Look below for the line with "Diplomarbeit, Oberleutnant Bernd". Retype it and every line after it to the end, exactly, but leave out the pictures.

DATA SHOWN.

════════════════

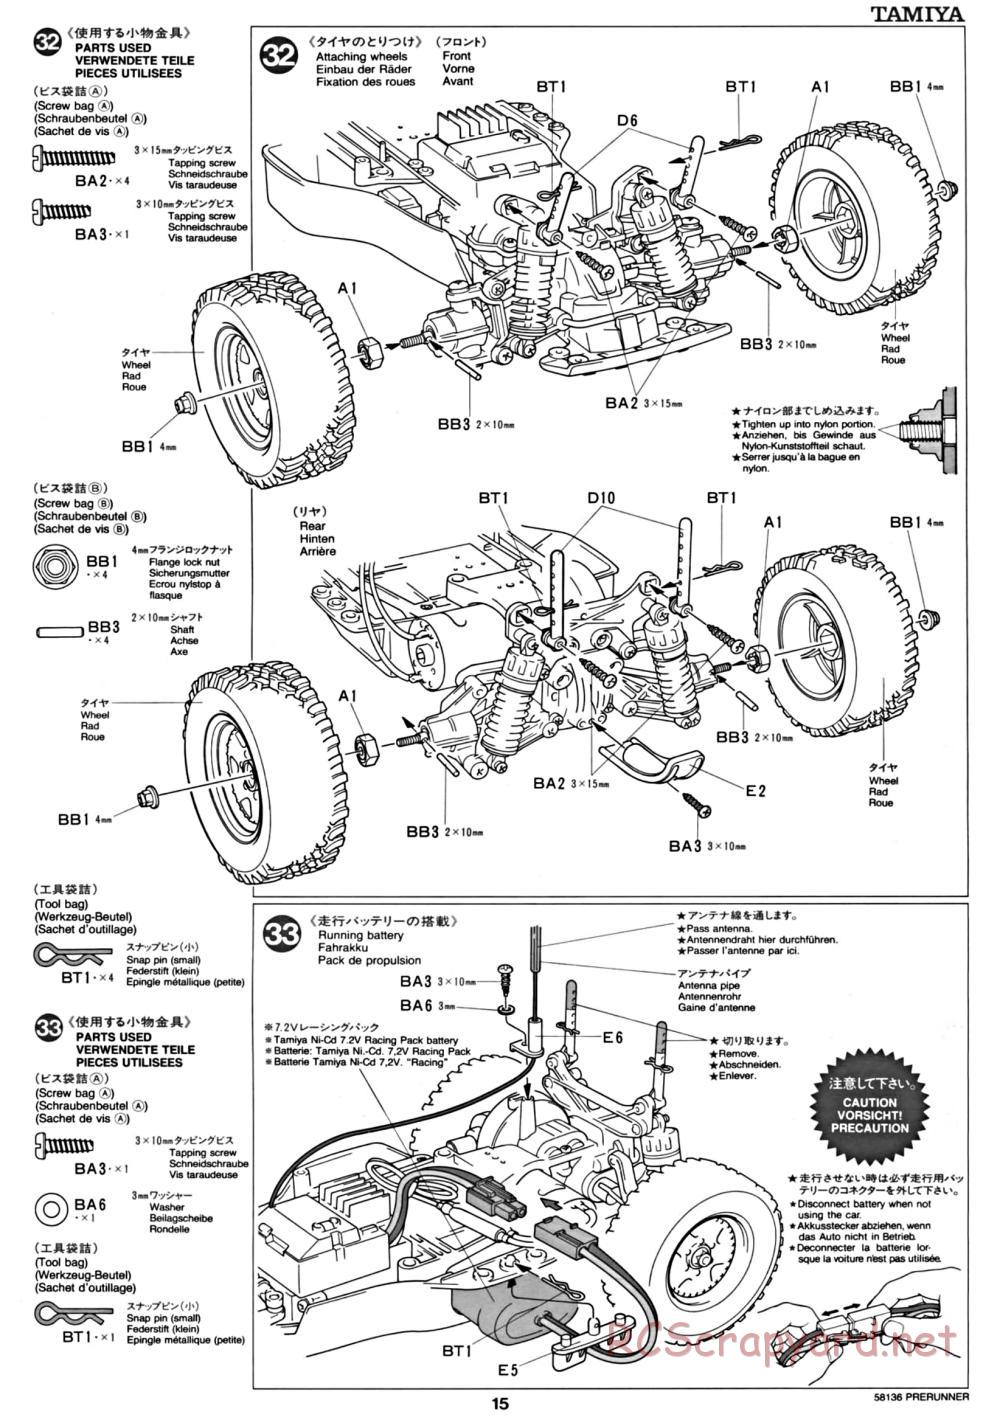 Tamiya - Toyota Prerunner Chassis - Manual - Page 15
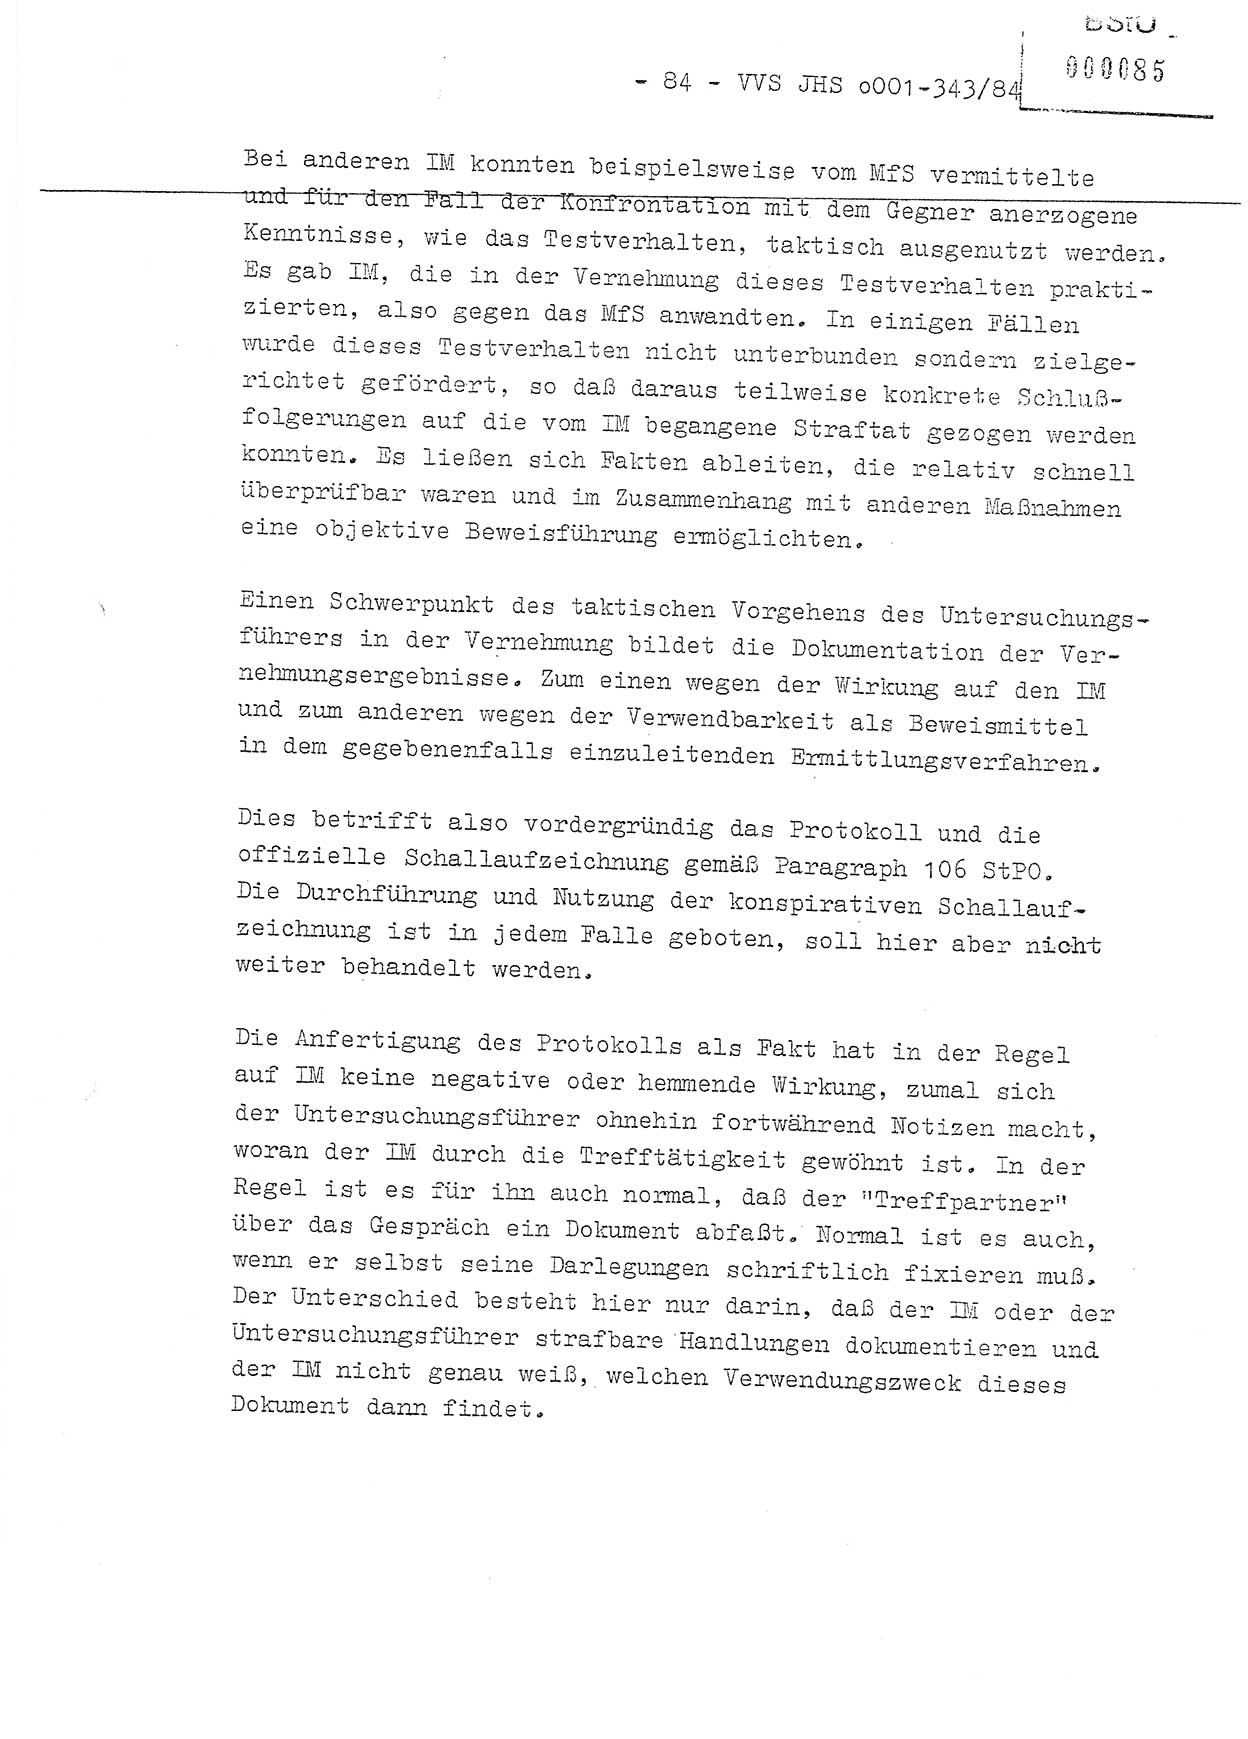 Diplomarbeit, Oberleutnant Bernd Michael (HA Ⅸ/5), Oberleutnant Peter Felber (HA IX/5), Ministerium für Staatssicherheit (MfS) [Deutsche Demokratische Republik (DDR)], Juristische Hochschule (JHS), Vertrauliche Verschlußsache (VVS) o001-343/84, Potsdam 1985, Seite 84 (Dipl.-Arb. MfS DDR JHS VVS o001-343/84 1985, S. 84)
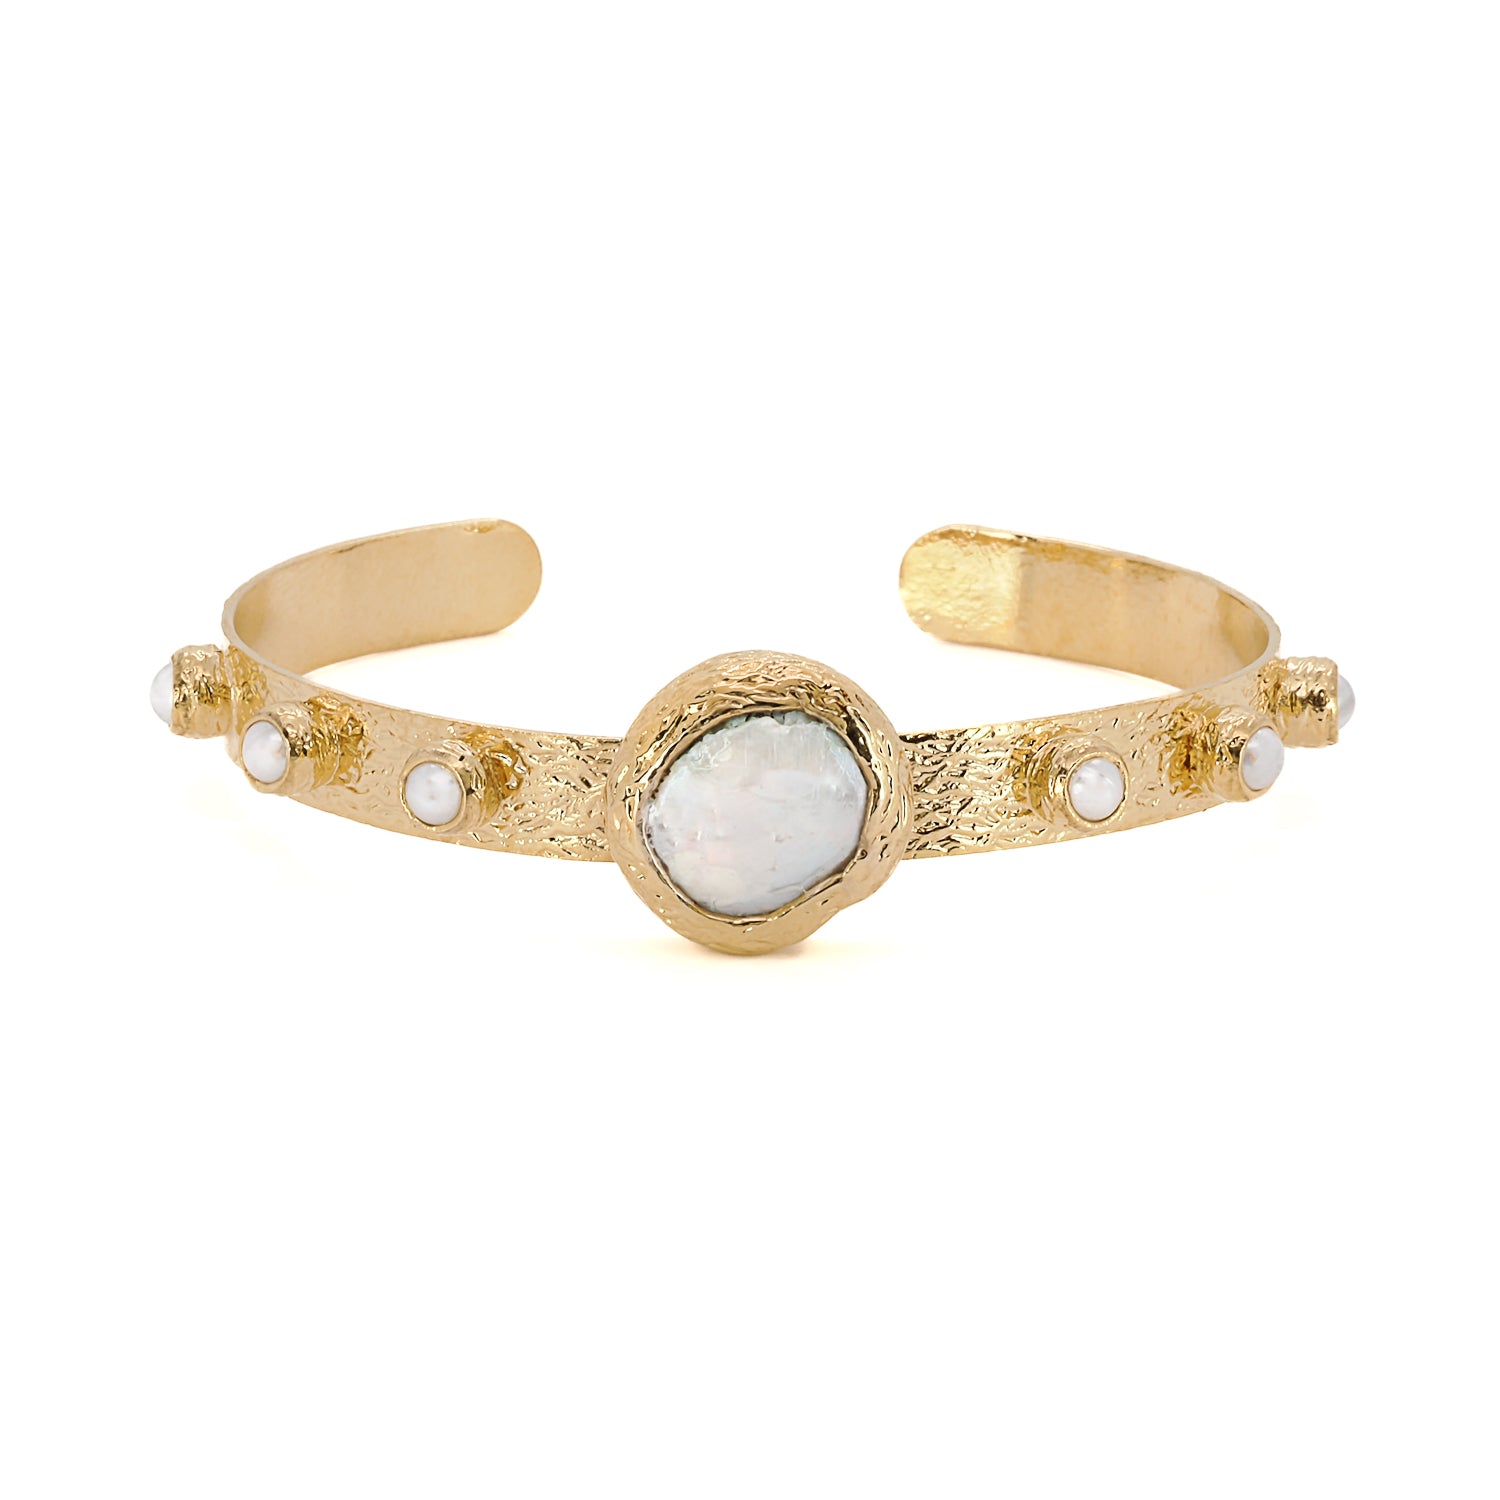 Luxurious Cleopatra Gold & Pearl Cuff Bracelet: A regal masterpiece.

════════════════

FINAL ANSWER.
 Diplomarbeit, Oberleutnant Bernd Michael (HA Ⅸ/5), Oberleutnant Peter Felber (HA IX/5), Ministerium für Staatssicherheit (MfS) [Deutsche Demokratische Republik (DDR)], Juristische Hochschule (JHS), Vertrauliche Verschlußsache (VVS) o001-343/84, Potsdam 1985, Seite 84 (Dipl.-Arb. MfS DDR JHS VVS o001-343/84 1985, S. 84)
 Luxurious Cleopatra Gold & Pearl Cuff Bracelet: A regal masterpiece.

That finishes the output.